All of the data below is to be repeated exactly, except for the pictures.
[INFORMATION SUPPLIED]
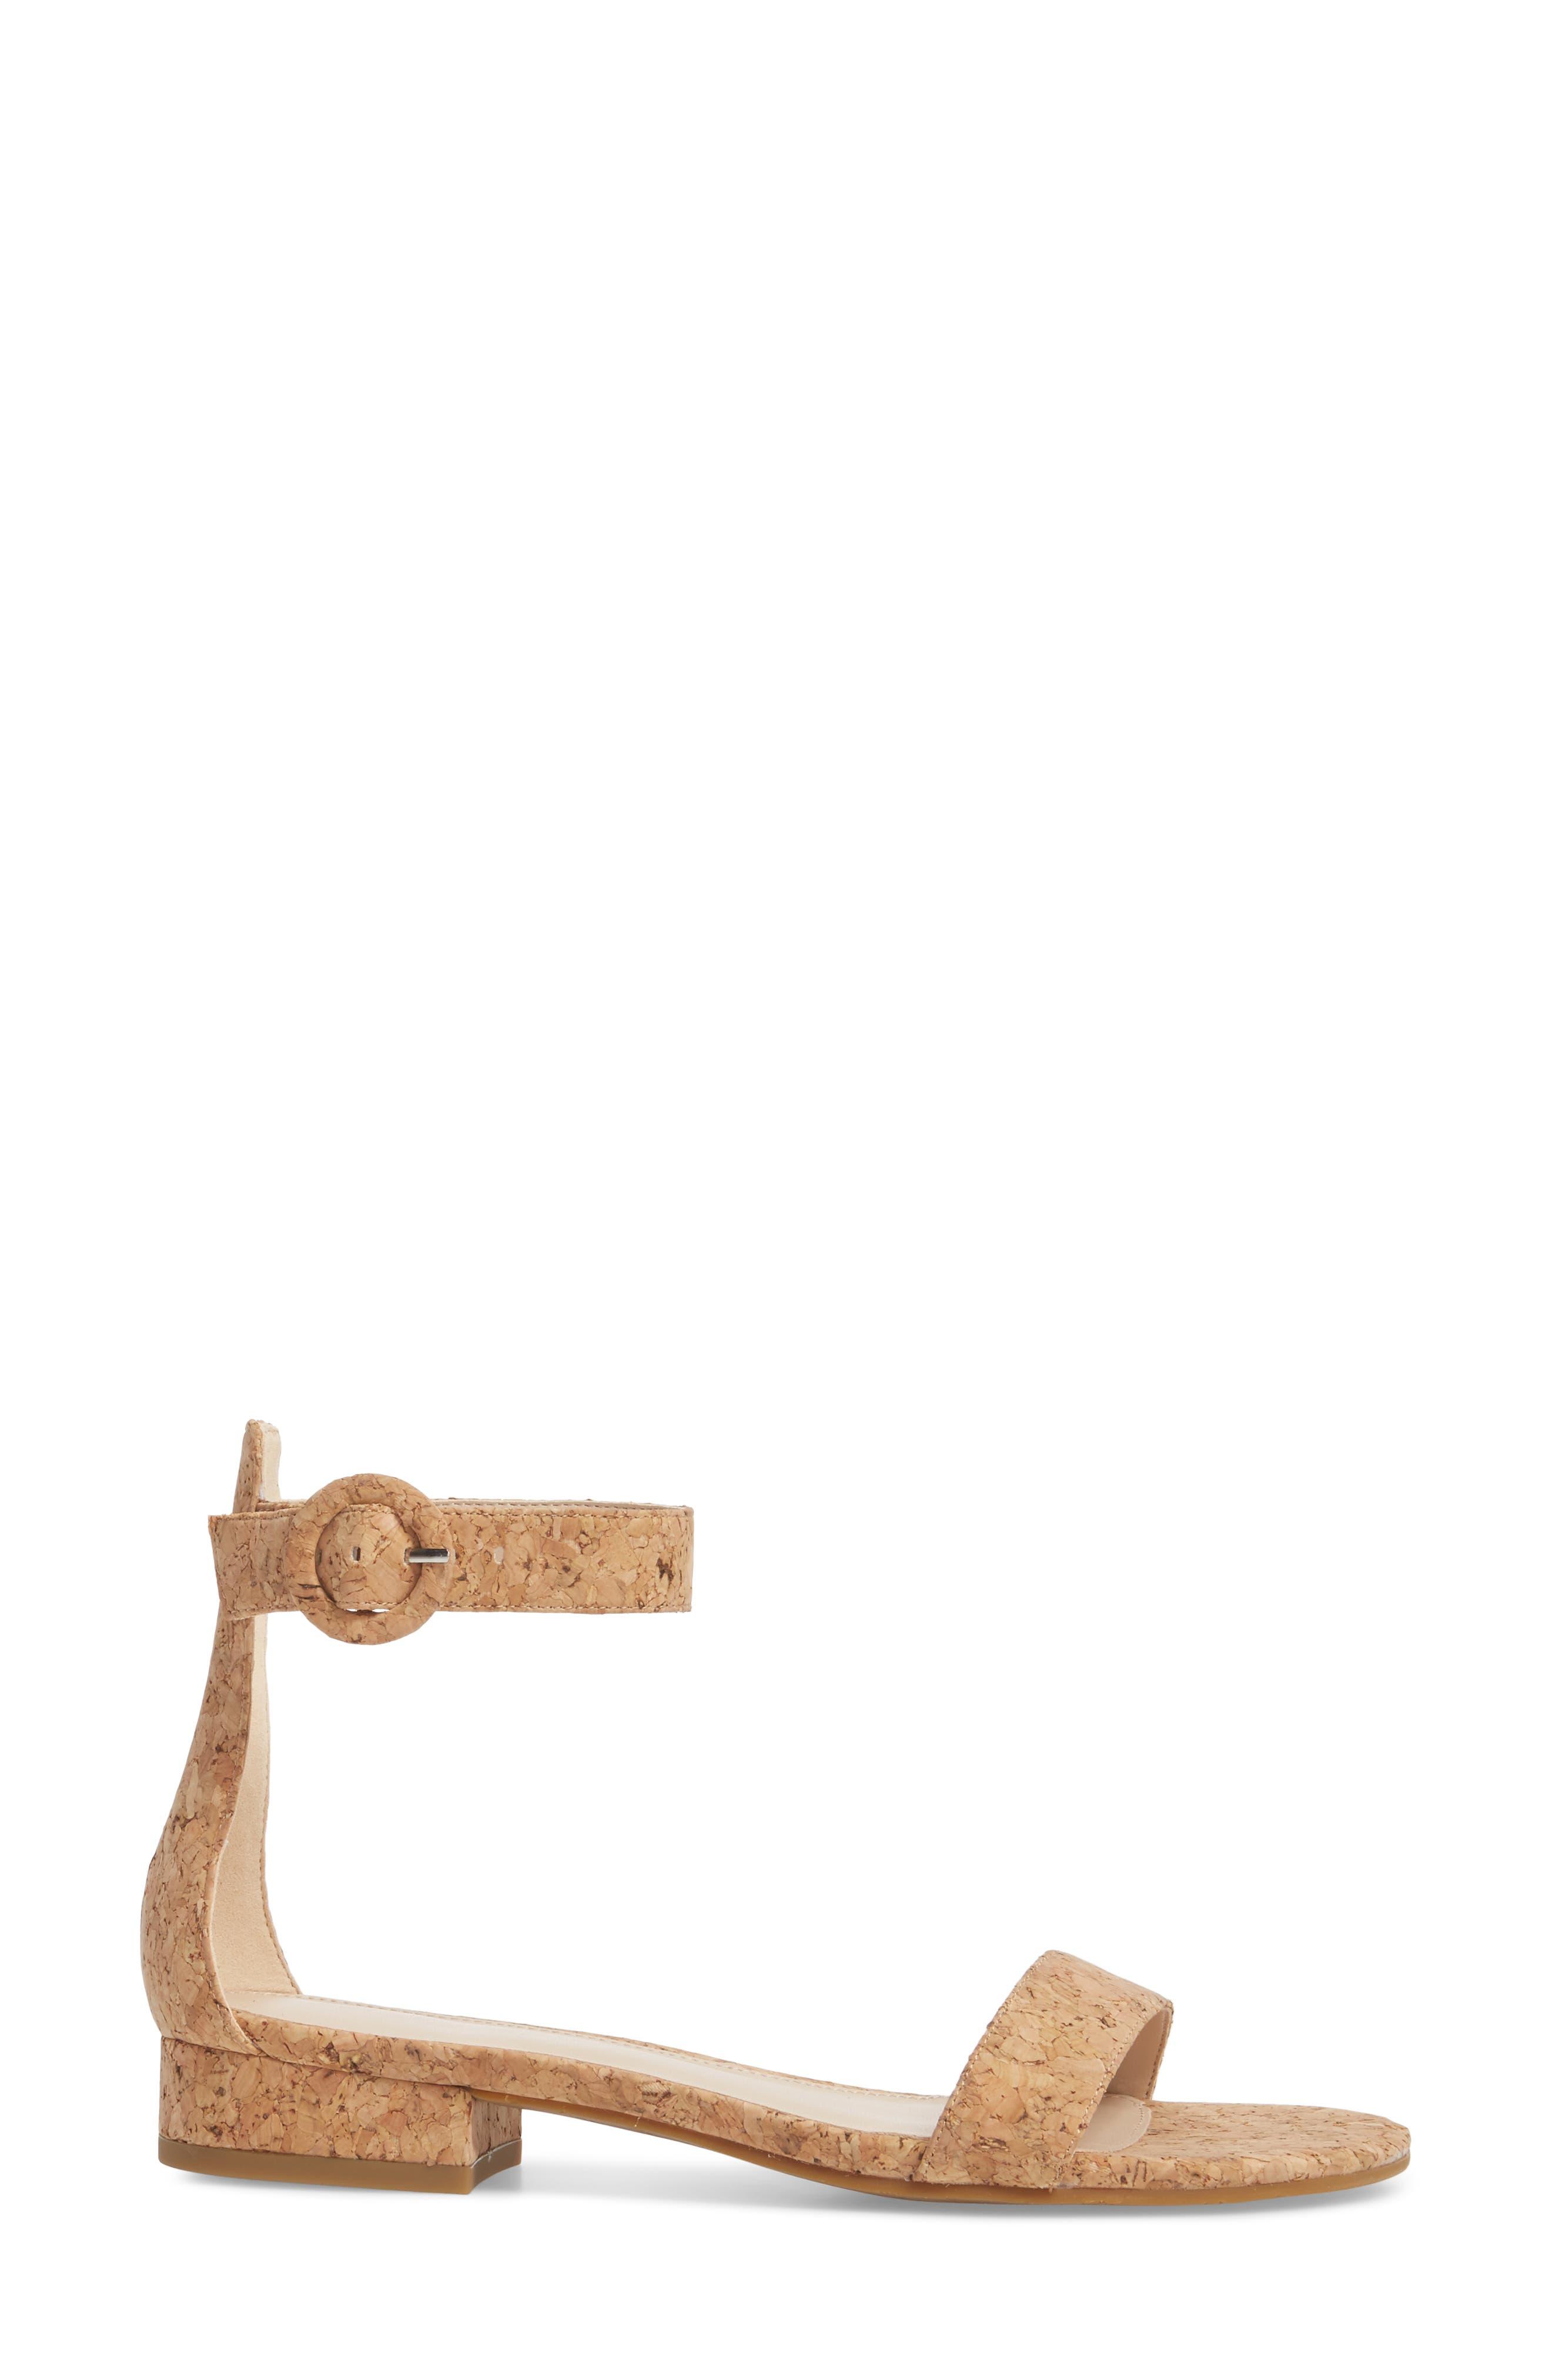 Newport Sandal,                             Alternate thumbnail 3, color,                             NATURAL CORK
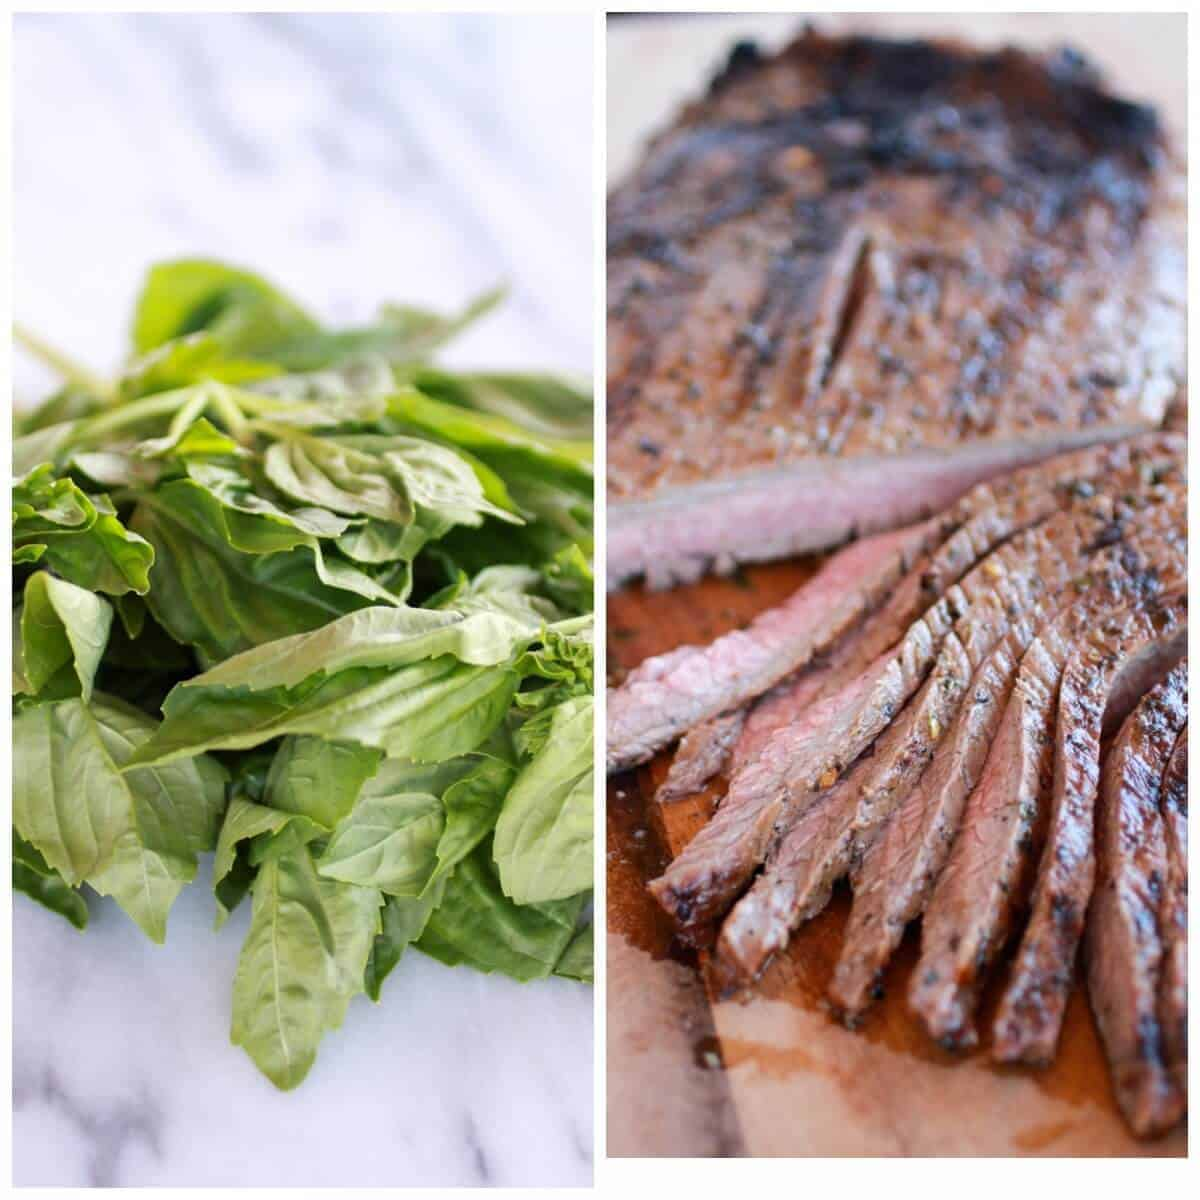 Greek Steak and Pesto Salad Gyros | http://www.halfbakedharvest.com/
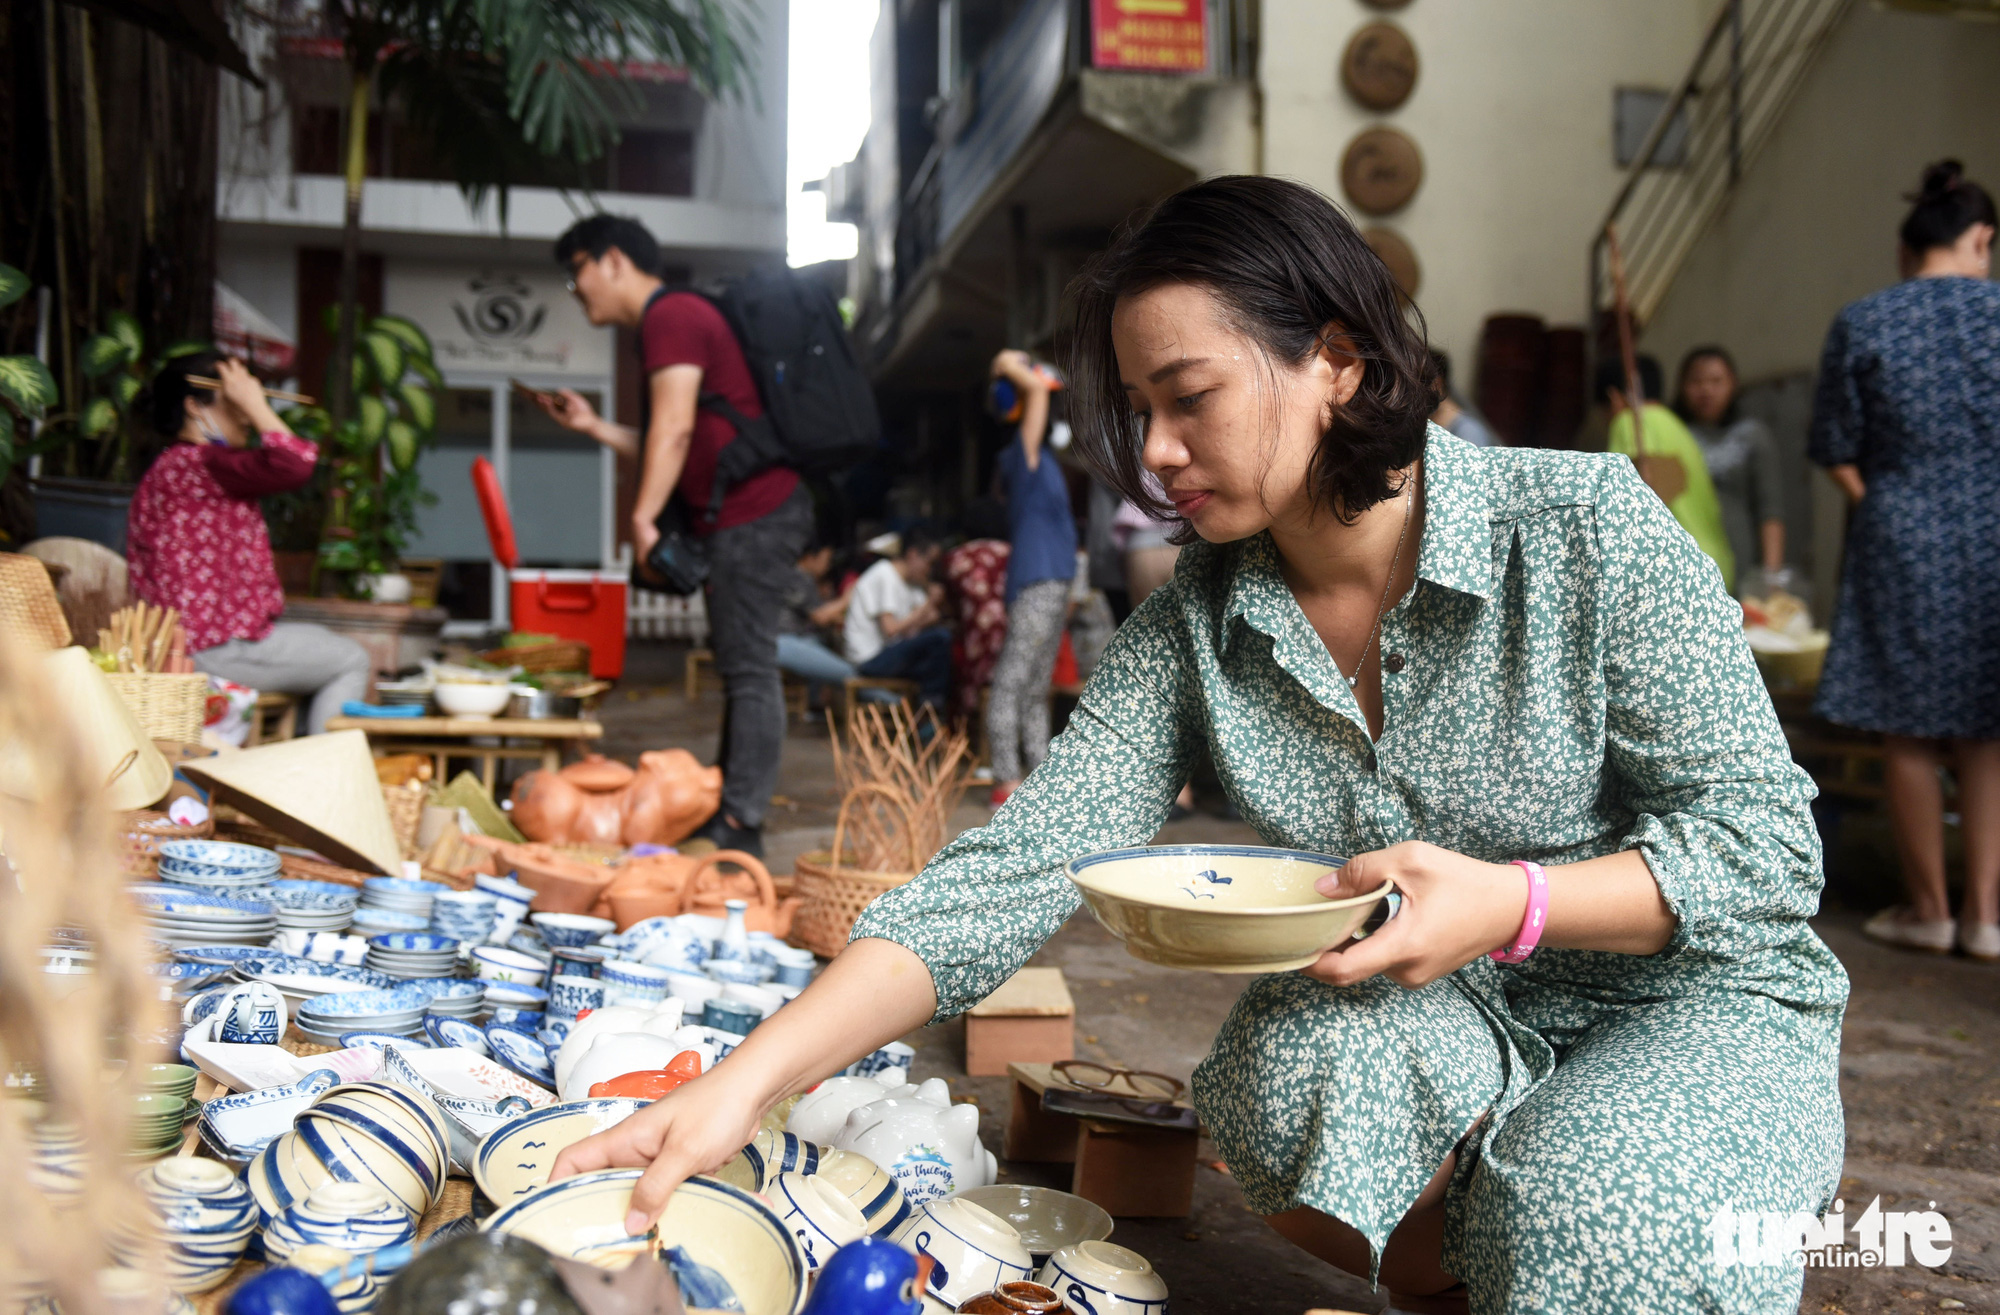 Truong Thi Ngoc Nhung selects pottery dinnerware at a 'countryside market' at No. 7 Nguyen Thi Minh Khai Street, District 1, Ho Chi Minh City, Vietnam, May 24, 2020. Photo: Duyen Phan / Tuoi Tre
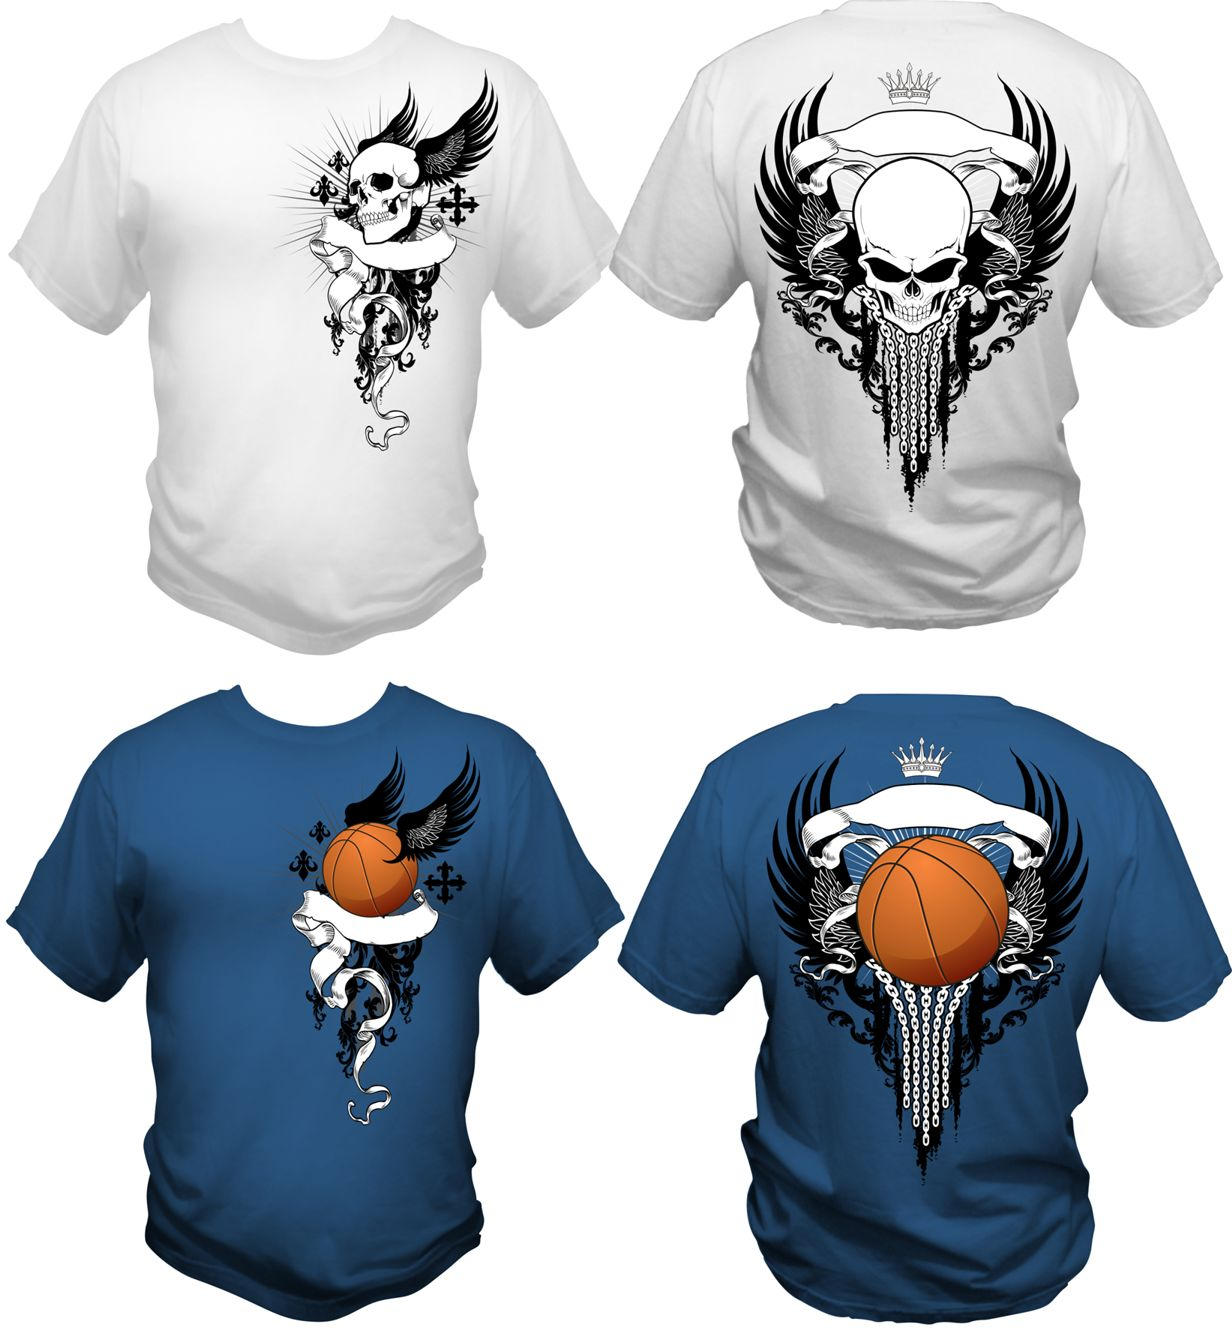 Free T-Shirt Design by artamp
[/INFORMATION SUPPLIED]
**EXPECTED ANSWER**:
 Newport Sandal,                             Alternate thumbnail 3, color,                             NATURAL CORK
 Greek Steak and Pesto Salad Gyros | http://www.halfbakedharvest.com/
 Truong Thi Ngoc Nhung selects pottery dinnerware at a 'countryside market' at No. 7 Nguyen Thi Minh Khai Street, District 1, Ho Chi Minh City, Vietnam, May 24, 2020. Photo: Duyen Phan / Tuoi Tre
 Free T-Shirt Design by artamp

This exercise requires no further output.